Provided data >>
************

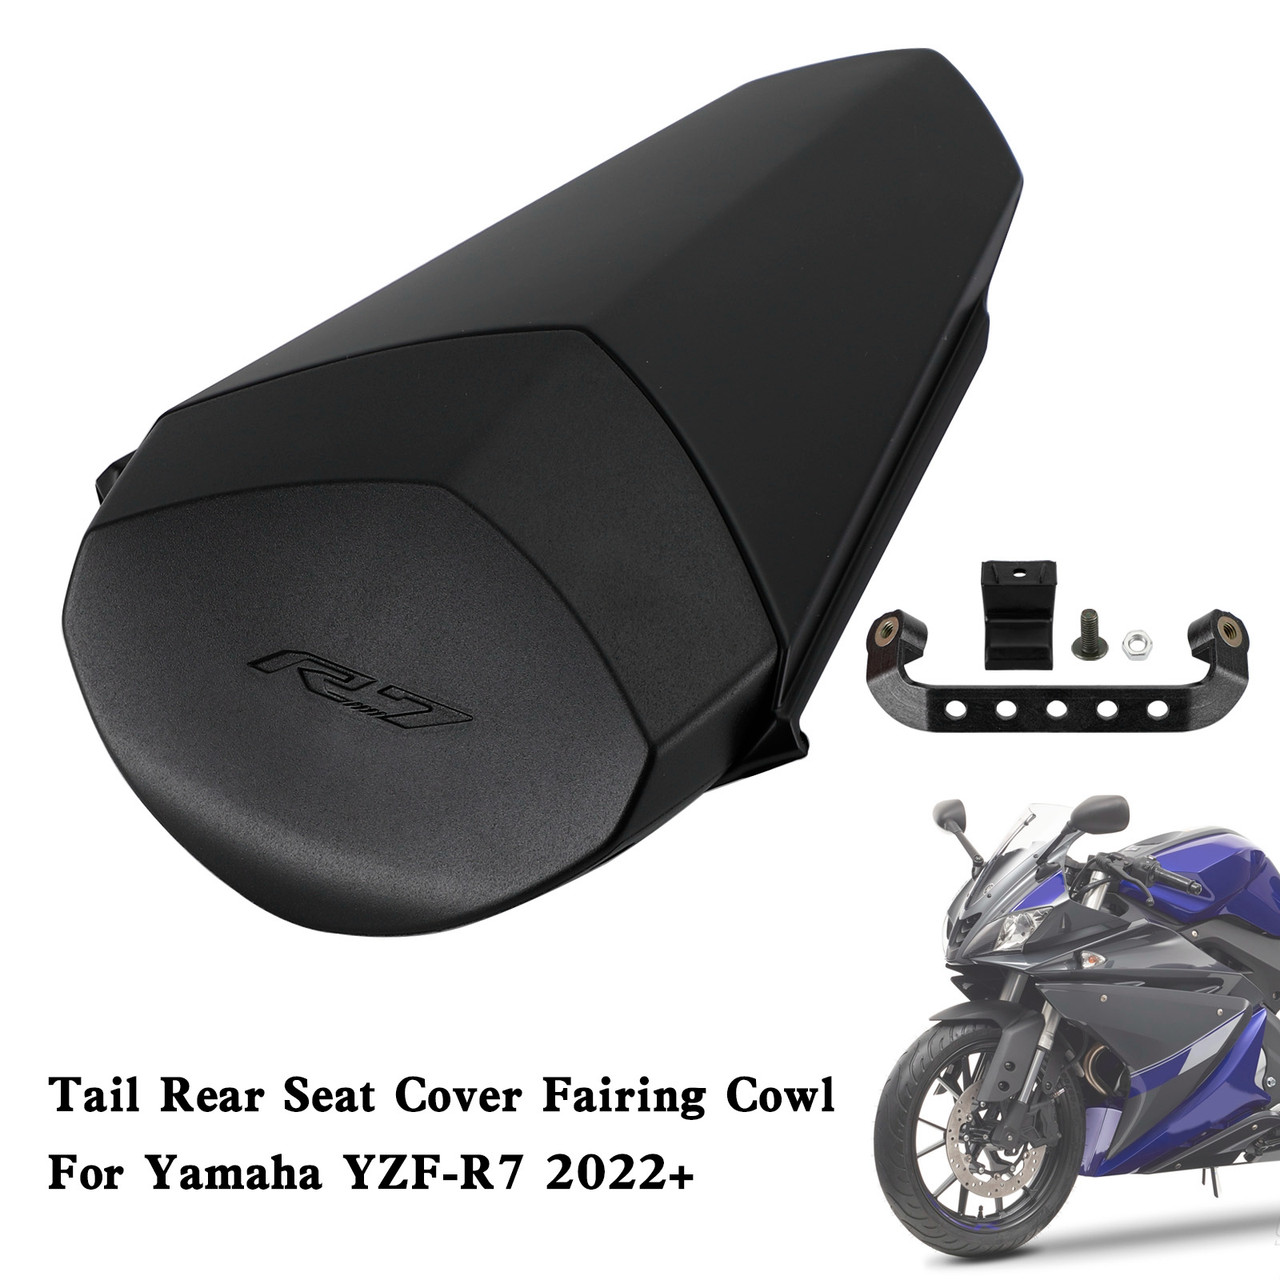 Tail Rear Seat Cover Fairing Cowl For YAMAHA YZF-R7 YZF R7 2022-2023 MBLKLK
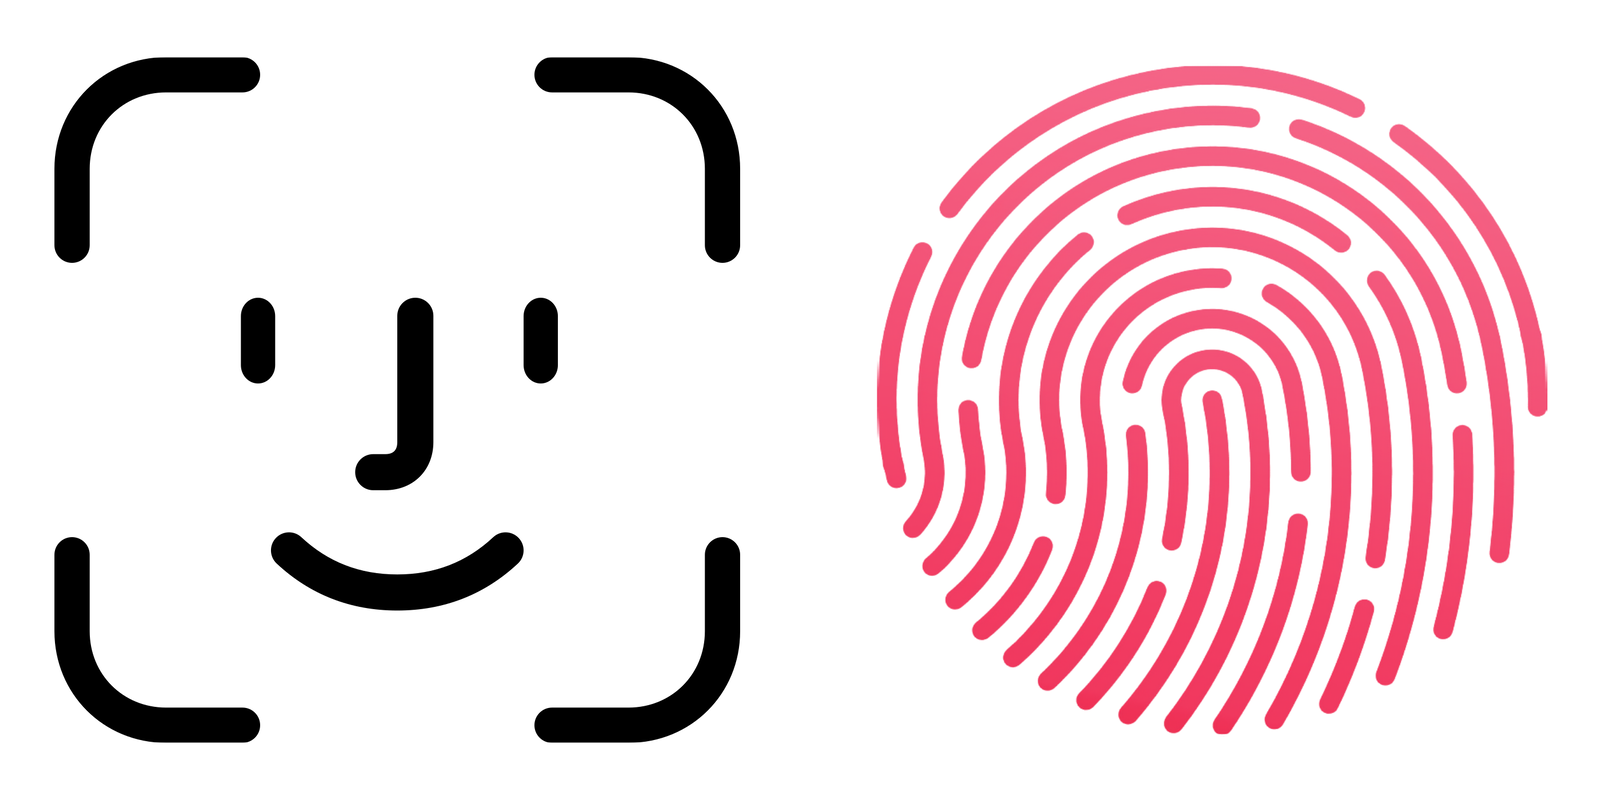 Is Apple Face ID more secure than password?
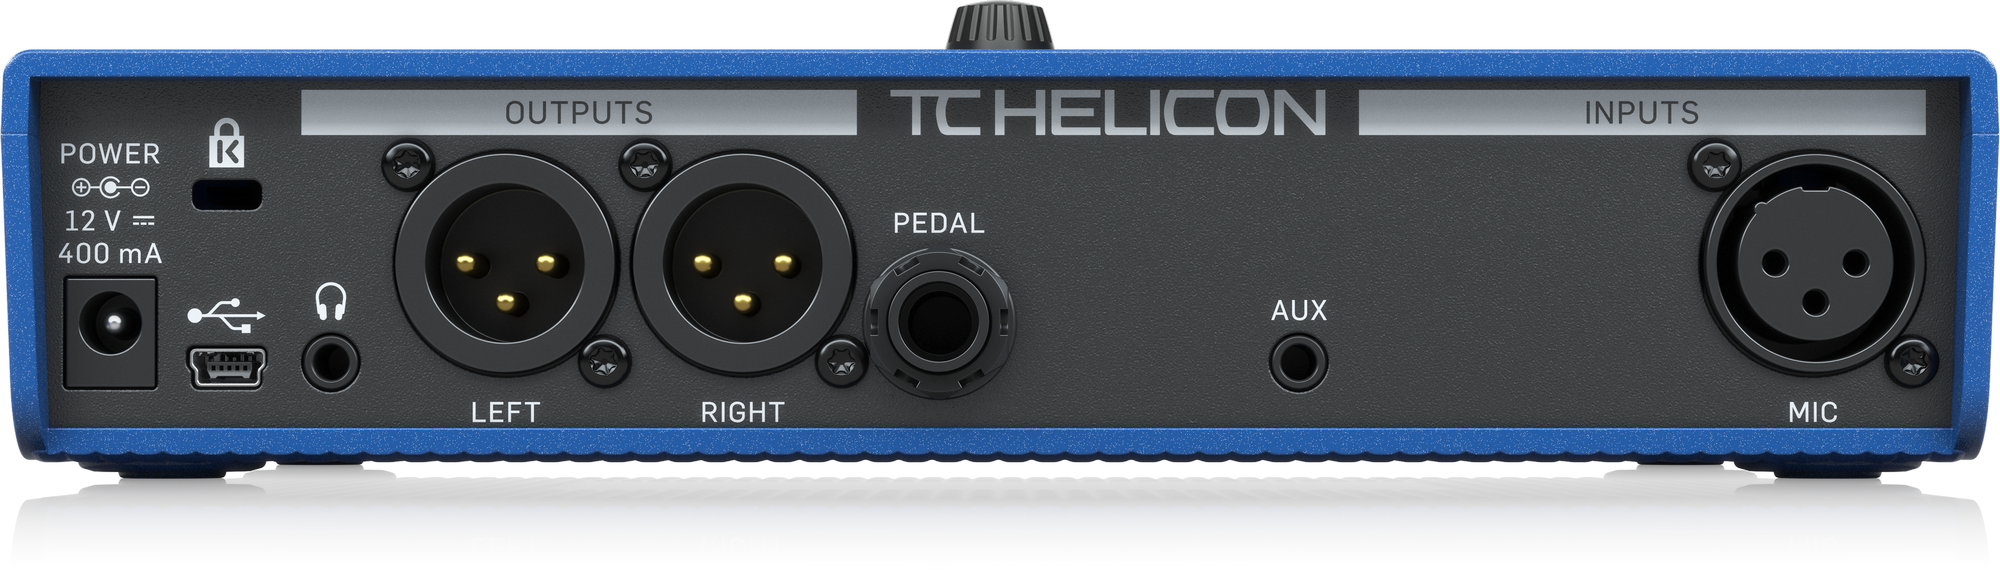 TC-Helicon VoiceLive Play Multi-Effects Vocal Processor with 1 Year Free Extended Warranty

************

Work task >> Exclude every picture, then reproduce the remaining data character for character.

Result of this exercise >>
 Tail Rear Seat Cover Fairing Cowl For YAMAHA YZF-R7 YZF R7 2022-2023 MBLKLK
 Is Apple Face ID more secure than password?
 TC-Helicon VoiceLive Play Multi-Effects Vocal Processor with 1 Year Free Extended Warranty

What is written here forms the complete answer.